В тот год в Риме была международная художественная выставка с русским отделом. Надо было заглянуть и туда. Помещалась выставка где‑то за Порта Пиа. Наш отдел большой, но не сильный. Лучше других Серов – он занимал особый зал. Итальянцы его не оценили. Мои две вещи, с такой неохотой данные Толстому, были поставлены плохо[231]. Я пошумел там, и мне обещали перевесить мои картины в зал Серова, вещи которого почему‑то должны были вернуться в Россию до окончания выставки. Великолепен был отдел англичан. Он накануне нашего приезда закрылся, и только по‑особому, данному мне разрешению нам удалось его осмотреть. Английское искусство было показано в исторической перспективе. Тут были и Рейнольдс и прерафаэлиты с Берн‑Джонсом, Вальтером Креном до художников последнего времени. Здоровая нация была представлена в здоровом искусстве. Везде отличная школа. Не было и следа французского упадочного новаторства.

Были интересны испанцы, вернее, двое из них: Зулоага и Англада. Каждый имел особый зал. Один из них северянин, другой южанин – оба дали превосходные вещи. Оба ярко изобразили Испанию тех дней. Мне остались особенно памятны две картины этих мастеров. Зулоага изобразил суровый каменистый ландшафт Кастилии. На фоне его плетется на старом, усталом Россинанте старый, печального образа гидальго с копьем в руках. Всадник и конь хорошо пожили, сейчас они никому не нужны. У ворот оставленного городка шумит толпа, там праздник – бой быков. Когда‑то, давно, гидальго был молод, нравился красавицам… тогда он не был старым грибом. Гордо выступал он на своем коне в шитом золотом наряде… Он привык к победам. Сколько одержал он их – счету нет. Ну а теперь, пусть они веселятся без него… безумствуют. Ему что за дело! Он устал, хочет отдохнуть. Грустные мысли теснятся сейчас в голове старого пикадора… Драма конченого человека выражена в картине так трогательно, с таким душевным участием… Иное у Англады. Тот со всем пылом южанина изобразил ночь в Гренаде. Яркие звезды, мириады их мерцают как бы в изнеможении, блистая алмазами, падают в бездну. Воздух насыщен ароматами роз… Все полно страсти, необузданной, опьяняющей страсти, безумного восторга. Какое‑то неистовое сладострастье овладело и людьми с гитарами… Гитары поют, стонут – их звуки то замирают в томной неге, то бурно клокочут в победных аккордах… Вот‑вот струны порвутся, гитары с шумом разобьются о землю, и сами неистовые музыканты падут в безумном экстазе. Англада, как никто, сумел выразить этот музыкальный бред, вызванный южной ночью, одуряющим ароматом цветов, близостью чернооких красавиц Гренады…

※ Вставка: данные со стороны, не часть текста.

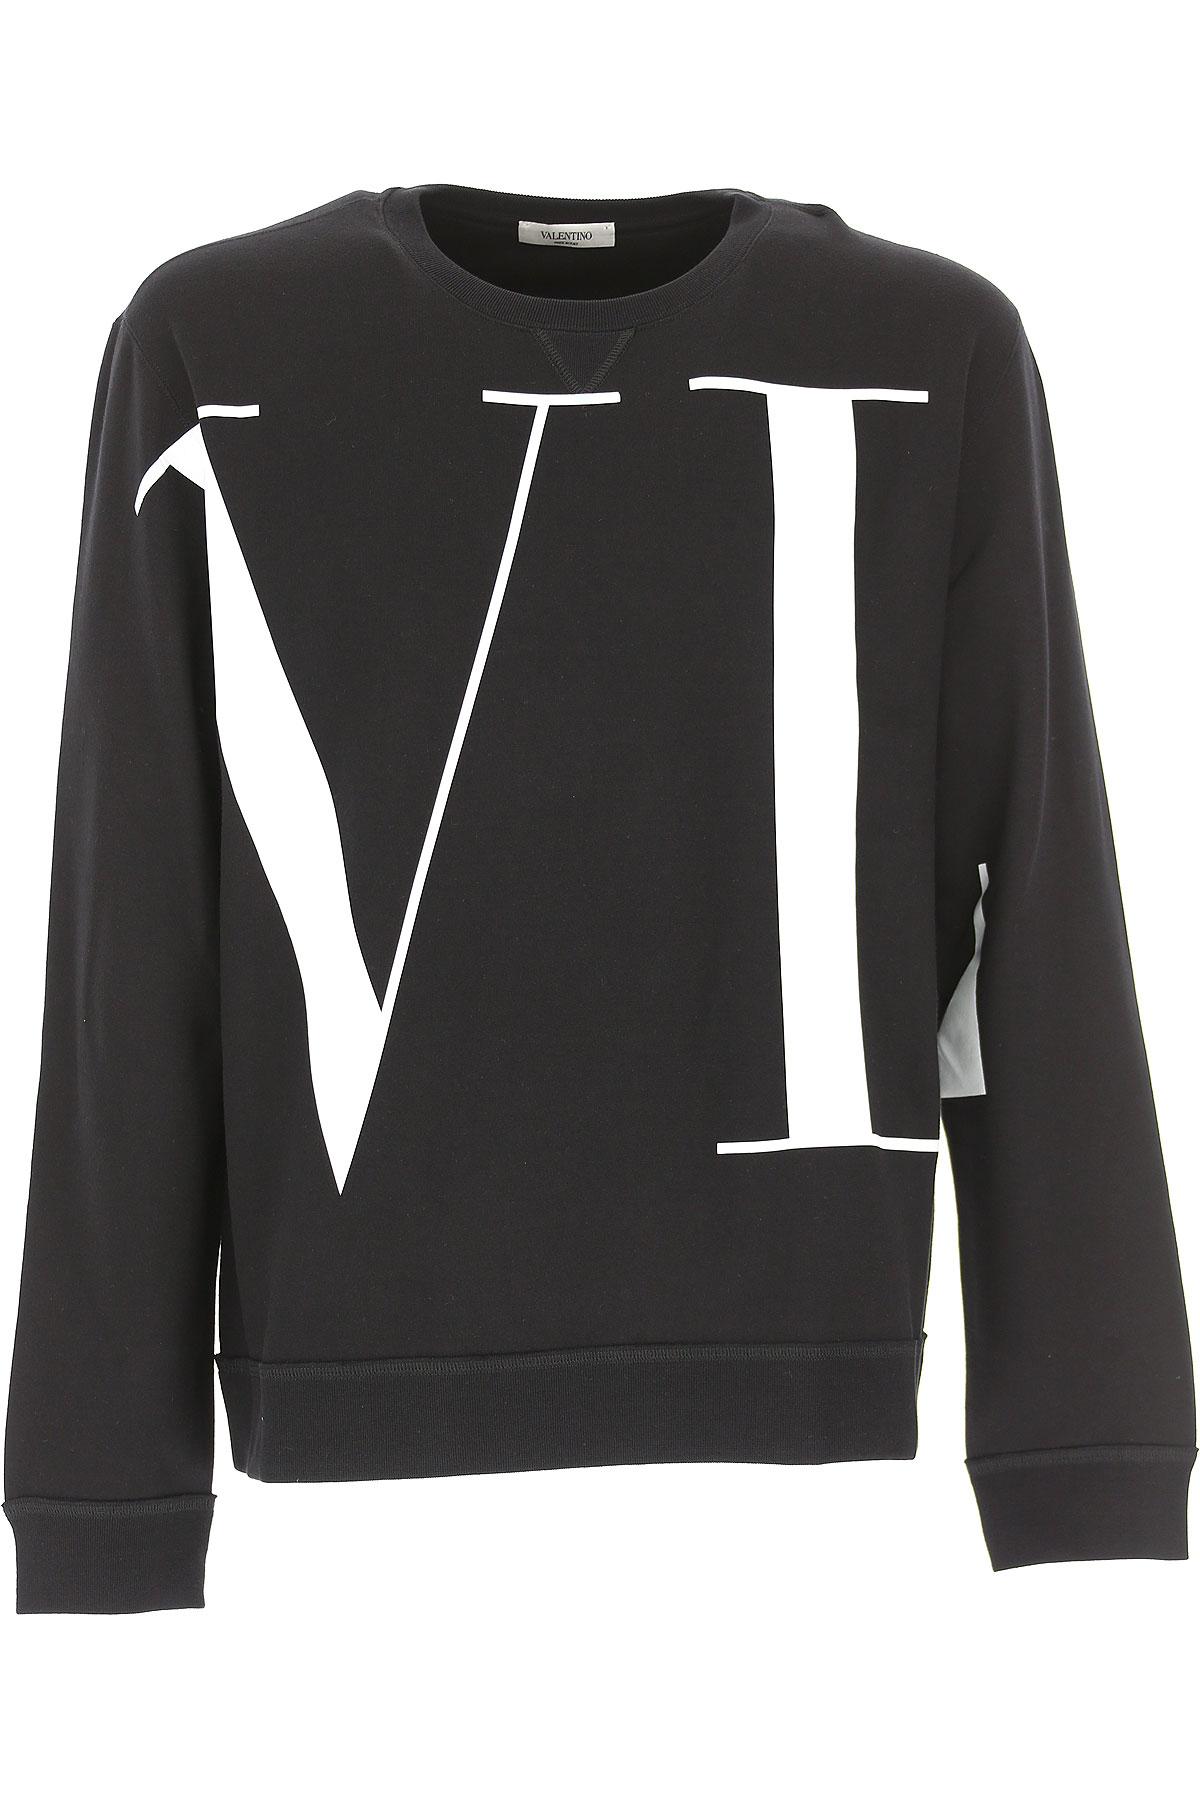 Valentino Sweatshirt for Men, Black, Cotton, 2017, L M S XL USA-473029

Последние дни мы отдали Ватикану. Я попрощался с Микельанджело, с Рафаэлем. Я не говорил им «прощайте» – я сказал им: «до свидания». С прекрасным чувством мы оставили великий Рим.

Вот и Орвиетто. Городок, как орлиное гнездо, высоко ютится на скале. Подъезжаем. Кондуктор, соскакивая на ходу, весело кричит: «Орвиет‑то», как он закричит потом «Болонья». Нам тоже почему‑то весело. Мы решаем, что до отхода поезда на Верону успеем, не торопясь, осмотреть городок, пообедать и отдохнуть. Вот мы и на горе. Вот и собор. В этом инкрустированном из разноцветного мрамора соборе мы увидим «Страшный суд» Содомы, говорят, лучший «Страшный суд», с необыкновенным антихристом, с неподражаемыми чертями в адском пекле. Все это мы увидим. Наконец – увидали. Жена пришла в восторг и от собора, и от Содомы, и от «Страшного суда». Я – только от чертей Содомы. Они какие‑то знакомые, где‑то я их видел – быть может, в жизни?.. О, этот Содома! Не списал ли он их со своих сиеннцев? Да и у нас на Руси такие водятся.

 

М. В. Нестеров. Капри.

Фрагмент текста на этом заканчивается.